• What is required:
Nothing but the text of the listing, repeated exactly, belongs in the answer; leave the images out.

• Given data:
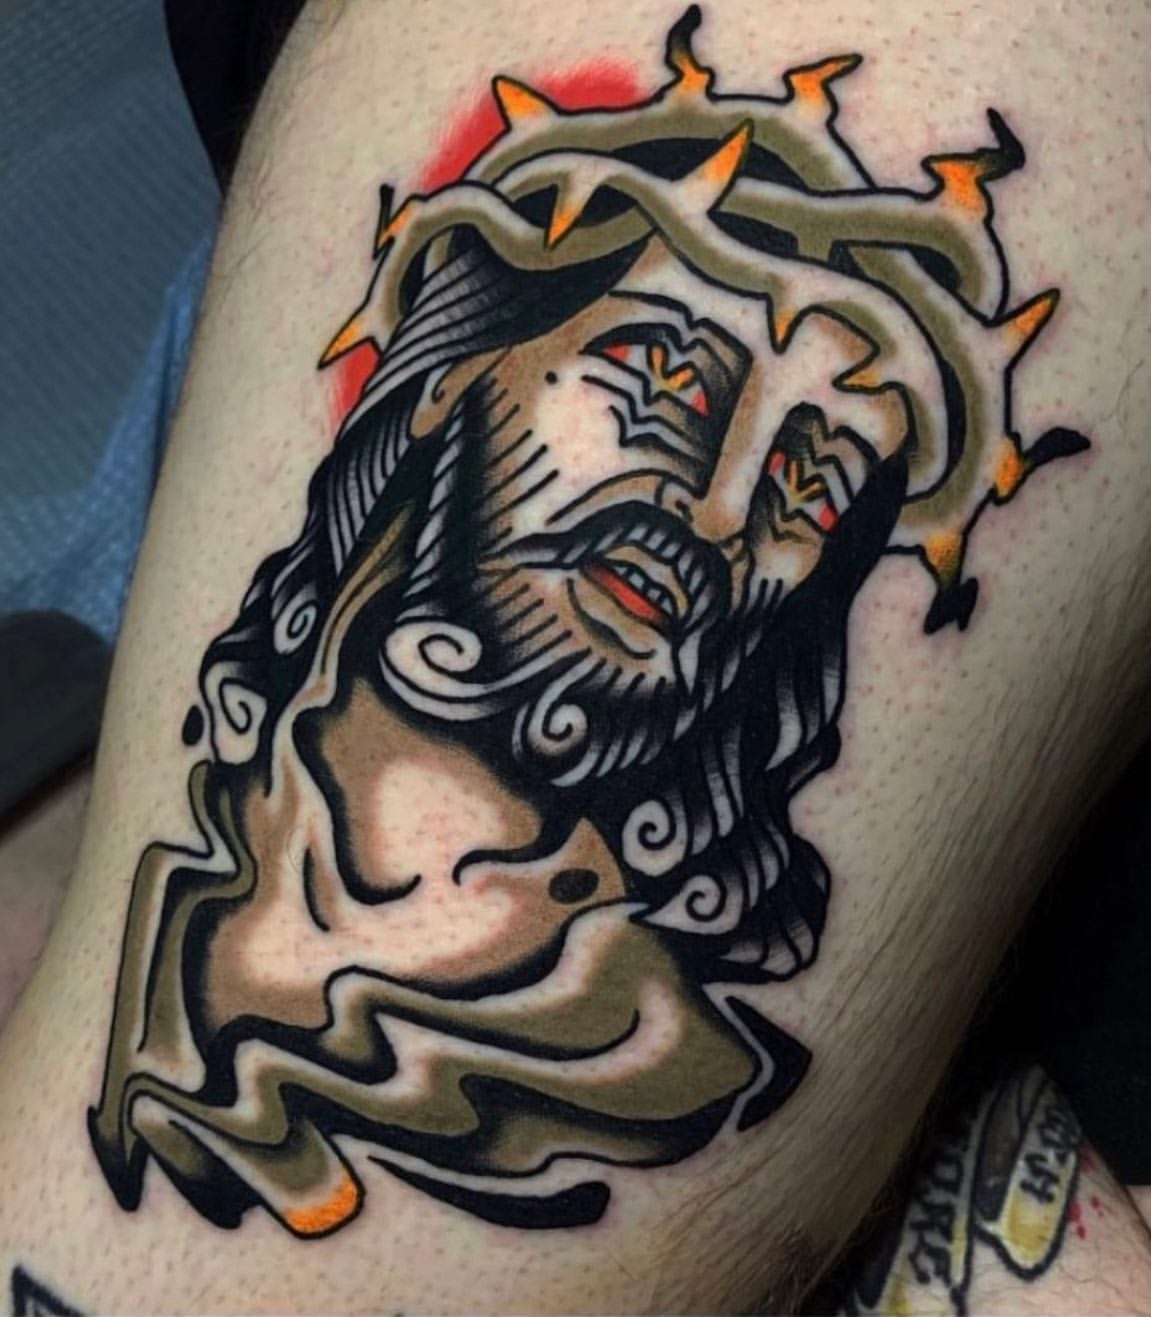 Jesus face | Jesus tattoo, Jesus tattoo design, Jesus face
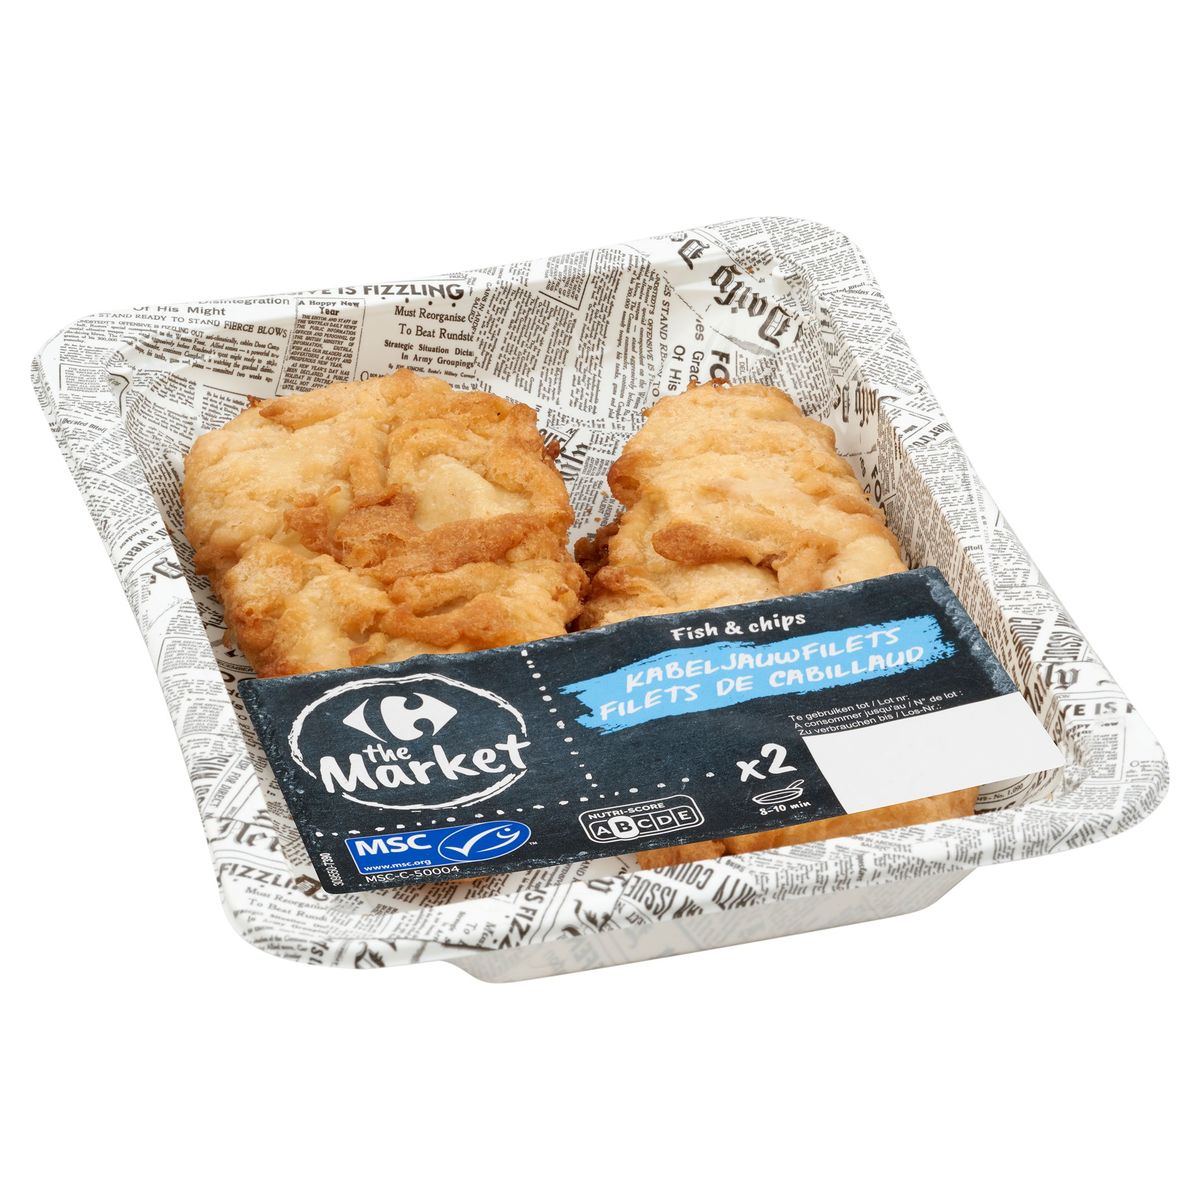 Carrefour The Market Fish & Chips Kabeljauwfilets 2 Stuks 200 g
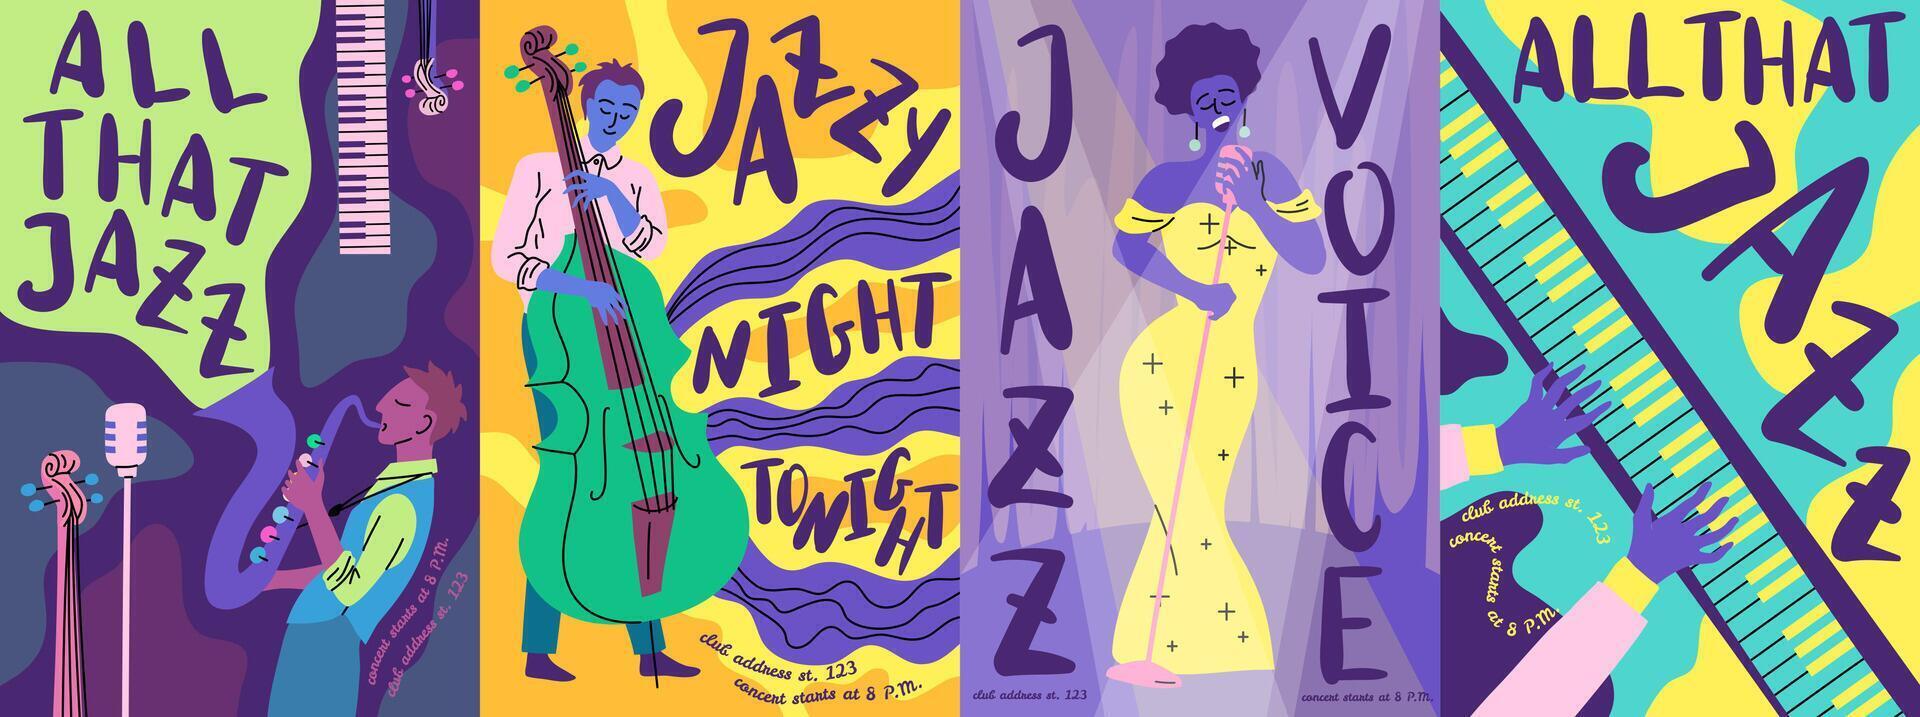 dibujos animados color jazz música festival póster tarjeta colocar. vector
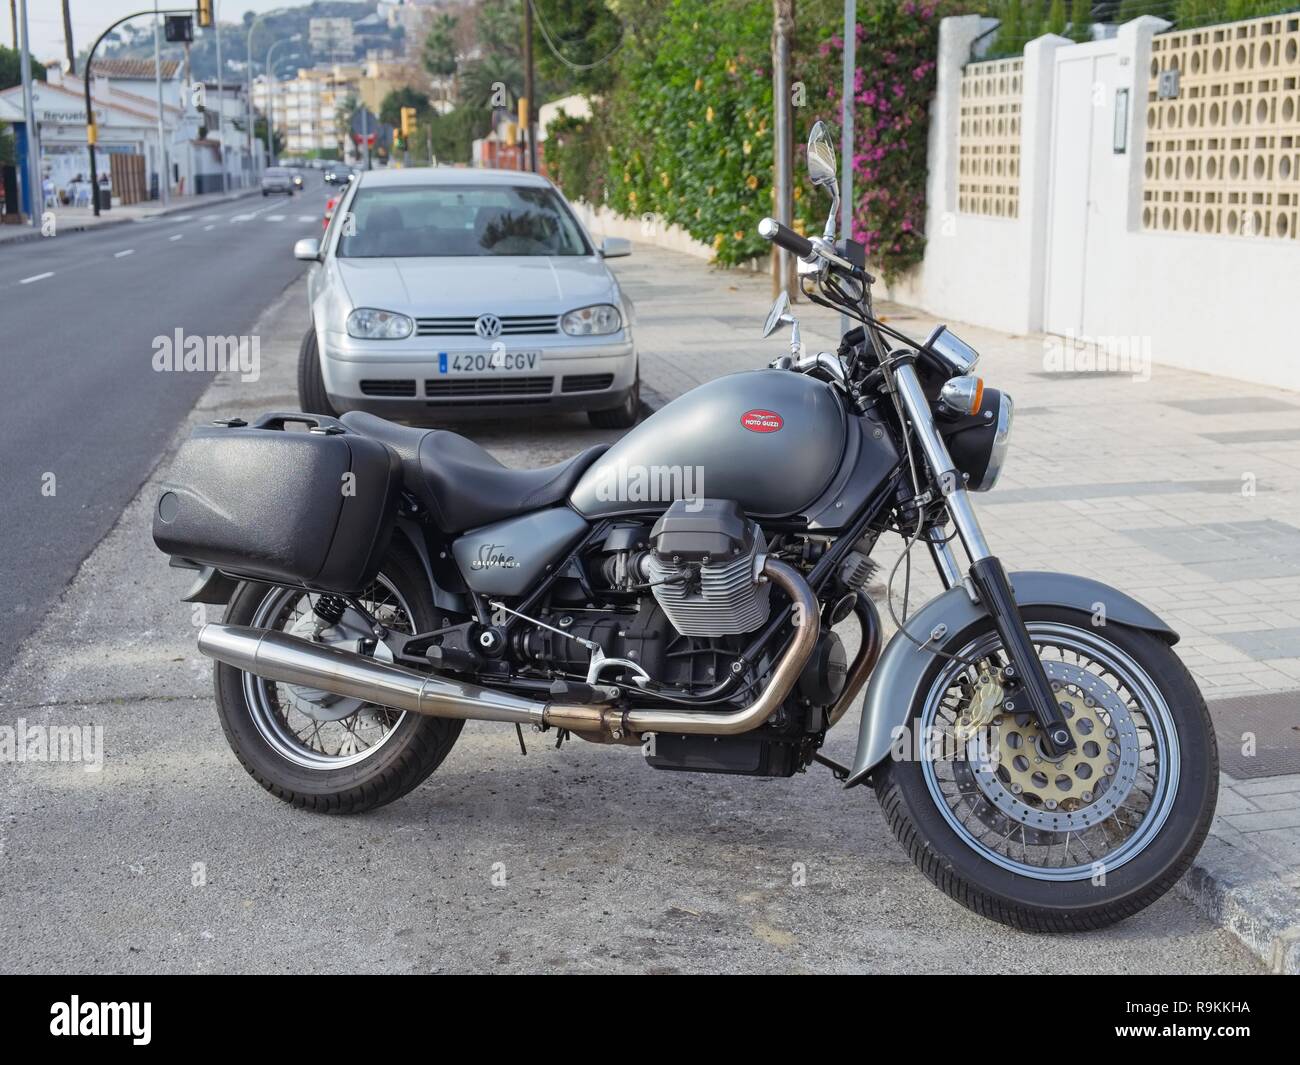 Moto guzzi california hi-res stock photography and images - Alamy

• Response to the exercise:
 Jesus face | Jesus tattoo, Jesus tattoo design, Jesus face
 Carrefour The Market Fish & Chips Kabeljauwfilets 2 Stuks 200 g
 dibujos animados color jazz música festival póster tarjeta colocar. vector
 Moto guzzi california hi-res stock photography and images - Alamy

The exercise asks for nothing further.